Comment by Professor David R. McQueen, MS,E on November 1, 2014 at 7:08am

that last post should be edited as...Einstein's paper OR Gentry's.....

Comment by Danny Faulkner on November 1, 2014 at 1:29pm

I think that the Moon and Spencer proposal is pretty much a dead letter. It was published more than 60 years ago and has had no follow-up since. Creationists used to talk about it 30-40 years ago, but I've not heard anyone seriously suggest this for a long time. I think that that more recent discoveries have rendered it dead. I've thought about writing that up and publishing it, but why worry about something that no one seems interested in anymore?

As for Robert Gentry's work, I've looked at it a little. Maybe 3-4 years ago I watched a DVD of his where he talked about the center of things being in the direction of Orion. More specifically, it's the Orion Nebula, not the belt of Orion. I hadn't heard that before, so I did some investigating. Again, I've thought of publishing something on that, but it doesn't seem to be much of an issue. This belief about Orion is an SDA thing. I believe that Gentry is an SDA, so I think that much of this stems from that. Gentry has some fundamental misunderstanding of cosmology and the big bang model.

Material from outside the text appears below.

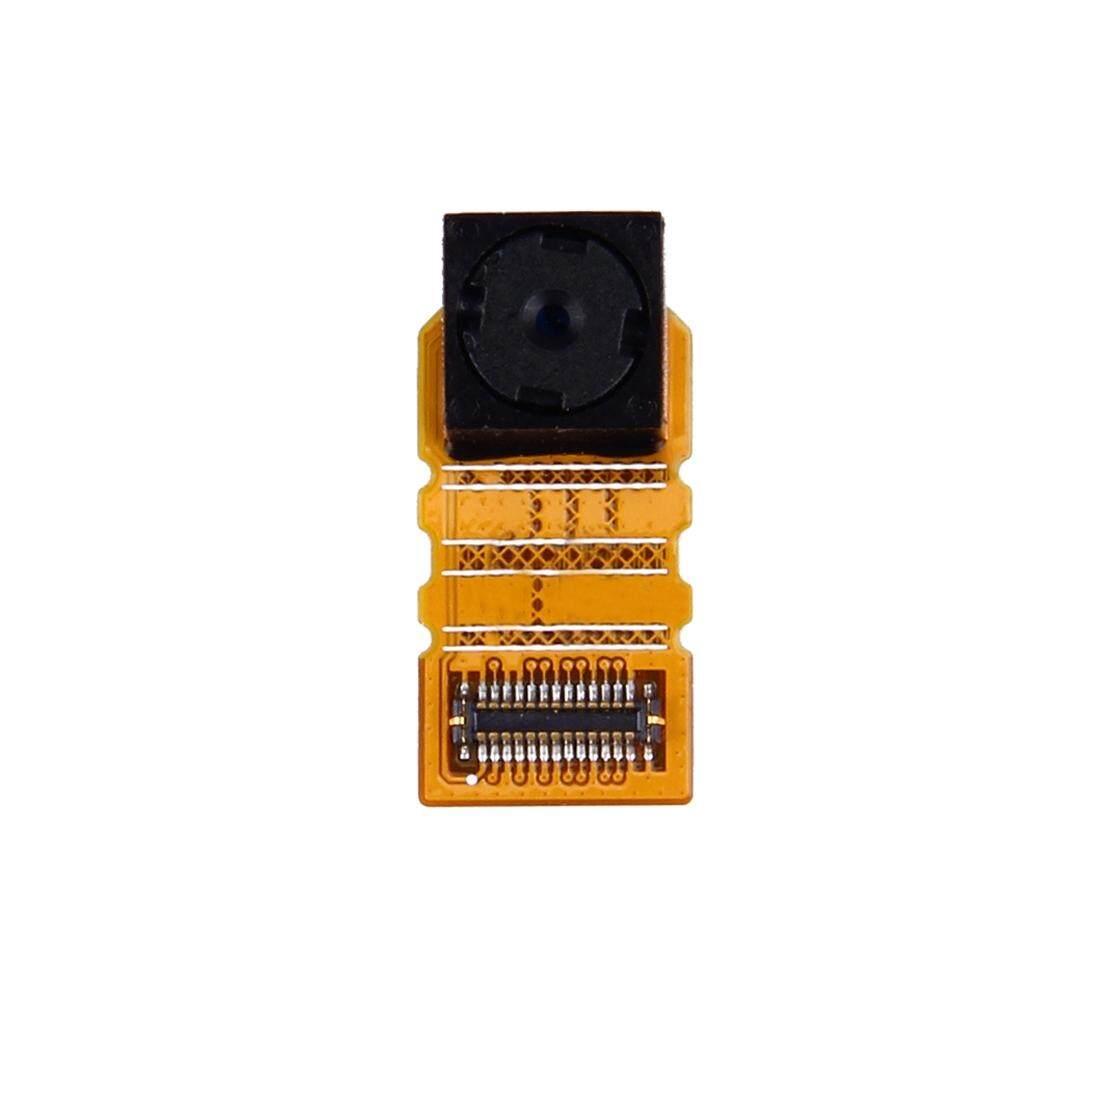 Saya Parts Beli untuk Sony Xperia Z5 Kompak Kamera Menghadap Ke Depan-Intl

Comment by Professor David R. McQueen, MS,E on November 2, 2014 at 9:20am

Dr. F, You are right about the SDA/Ellen White connection. Up until 5 years ago I called Prof. Gentry each year...I owe him a call. Thanks for that Orion Nebula comment...I mis-remembered what he told me years ago. Of MORE INTEREST, is Gentry's work on General and Special Relativity. I will look up his ???Physical Review??? article and send you the exact reference about Einstein's math error...maybe I have the wrong journal. I worked for him...parttime...until I went to Michigan for my MS work in 1975. Sometime around 1980, I think he was a part-time Calculus teacher at U. of TN in Knoxville. Math was my minor, but I would have never had the confidence to double check the math on Einstein's peer reviewed articles. More on that later...Your Moon and Spencer comments are well taken...back when he was with ICR, I had a chance to talk to Harold Slusher about M&&S...must have been in the late 70s thru the 1980s.